4 researchers of CWI’s Life Sciences and Well being (LSH) group – Alexander Chebykin, Dazhuang Liu, Marco Virgolin, and Peter A.N. Bosman (CWI/TU Delft) – along with Tanja Alderliesten (LUMC) obtained the Best Paper Award in two tracks of GECCO 2022. The awards have been received within the tracks: Neuroevolution for the paper (*2*) and the observe Genetic programming for the paper “Evolvability Degeneration in Multi-Objective Genetic Programming for Symbolic Regression“.
Evolutionary Neural Cascade Search throughout Supernetworks (Alexander Chebykin, Tanja Alderliesten, Peter A. N. Bosman)
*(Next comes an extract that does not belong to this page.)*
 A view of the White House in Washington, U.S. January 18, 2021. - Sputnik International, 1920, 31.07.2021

Neural networks are highly effective perform approximators which have confirmed helpful in a wide range of domains. However there’s all the time a want to make them much more efficient and environment friendly. One option to obtain that is by creating cascades of various fashions. The researchers got here up with a novel evolutionary algorithm for creating such cascades. This algorithm is environment friendly and may work with a whole bunch of fashions from any supply: e.g. pre-trained, or created for the goal activity robotically by a Neural Structure Search algorithm. The ensuing trade-off fronts of cascades enhance each upon the person fashions and the cascades discovered by the earlier approaches.
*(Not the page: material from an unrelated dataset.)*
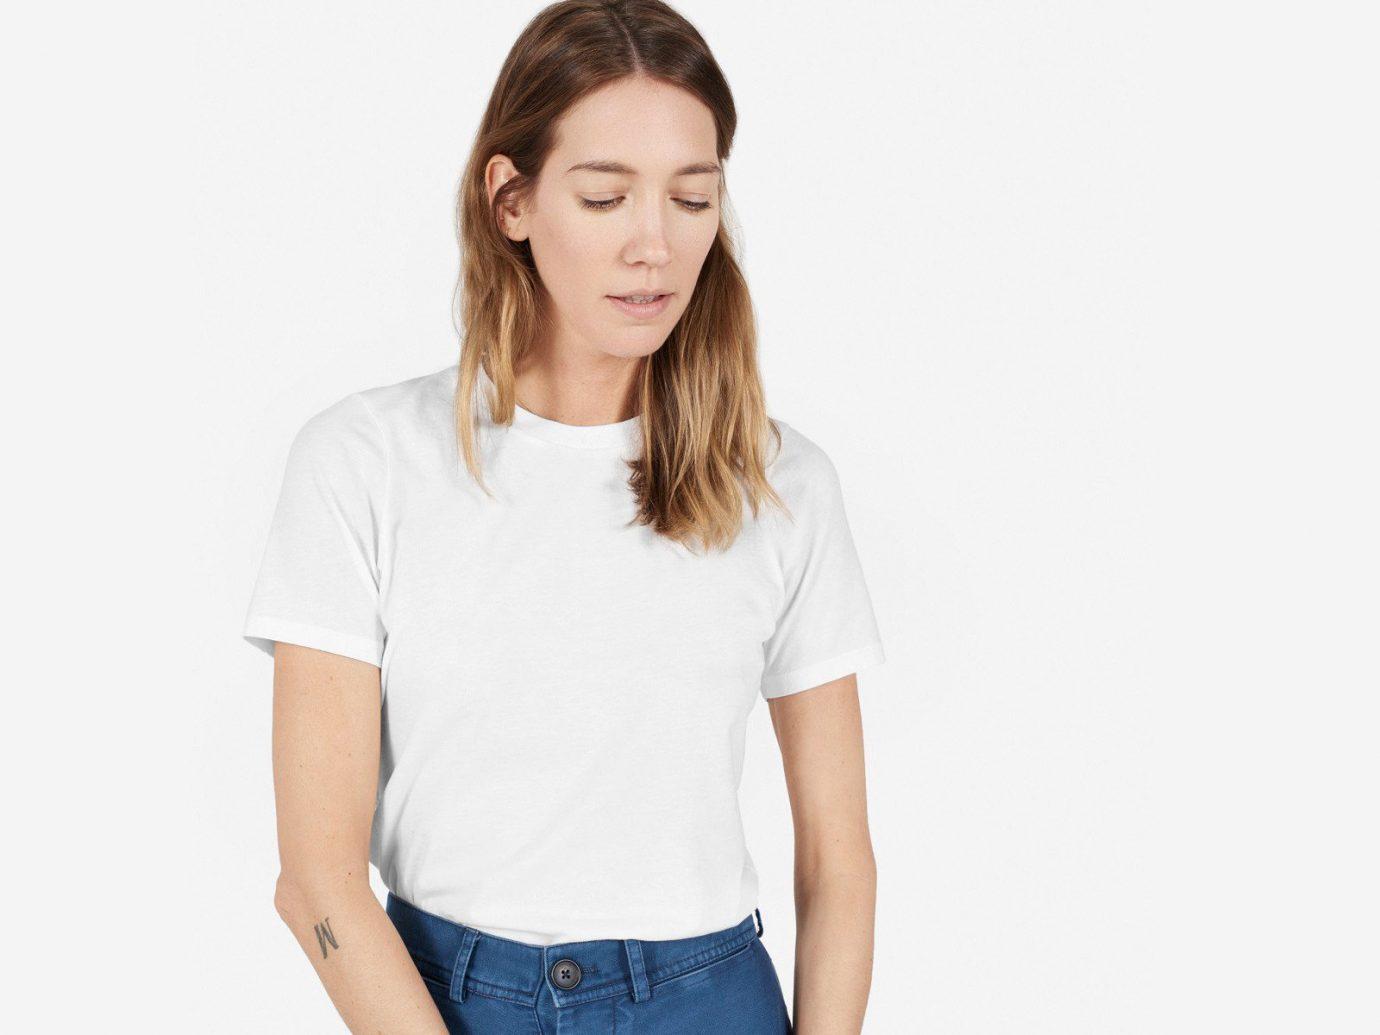 Style + Design person t shirt white clothing sleeve standing pocket arm neck photo shoot shirt blouse human body posing

Evolvability degeneration in multi-objective genetic programming for symbolic regression (Dazhuang Liu, Marco Virgolin, Tanja Alderliesten, Peter A.N. Bosman)
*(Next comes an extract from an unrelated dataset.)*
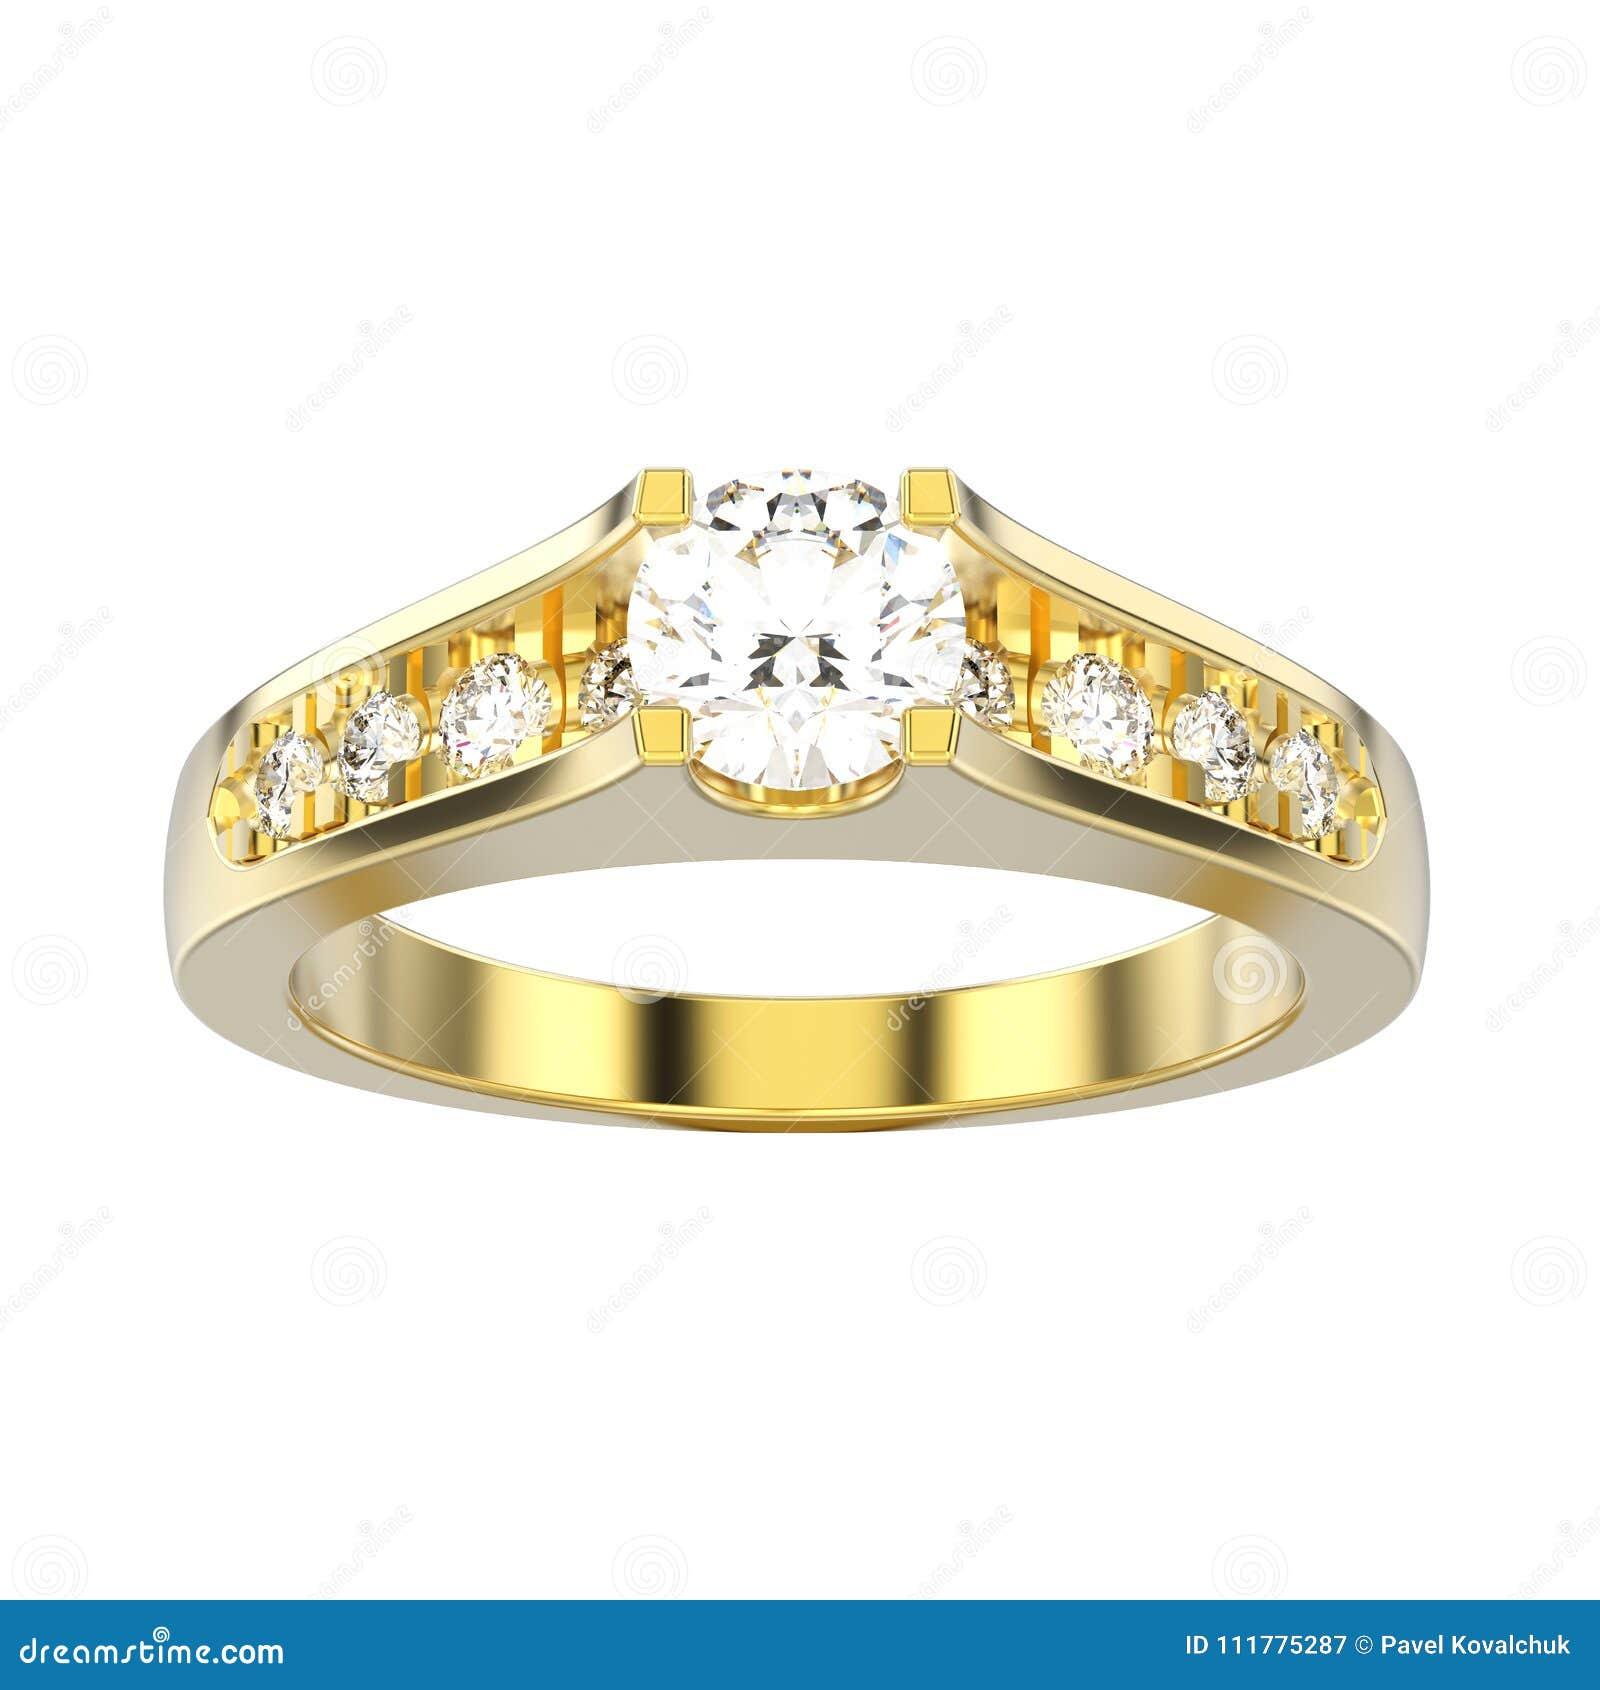 3D illustration isolated yellow gold decorative engagement wedding diamond ring

Moreover excessive predictive accuracy, interpretability might be a vital facet for the usage of machine studying in high-stakes purposes (e.g., most cancers remedy prediction). Genetic programming is a primary methodology to find correct and interpretable ML fashions within the type of small symbolic expressions. Empirically, smaller fashions are usually much less correct than bigger ones, i.e., there exists a trade-off between accuracy and interpretability. Consequently, most researchers use GP in a multi-objective style to concurrently uncover a number of fashions with completely different trade-offs. Nonetheless, when used naively, MO-GP can “get stuck” with small fashions, and fail to find extra correct ones. Our researchers have discovered the foundation of this drawback, which they named “evolvability degeneration”. Subsequent, they designed a easy however spot-on treatment. This resulted in a brand new algorithm, evoNSGA-II, which was discovered to outperform earlier MO-GP algorithms.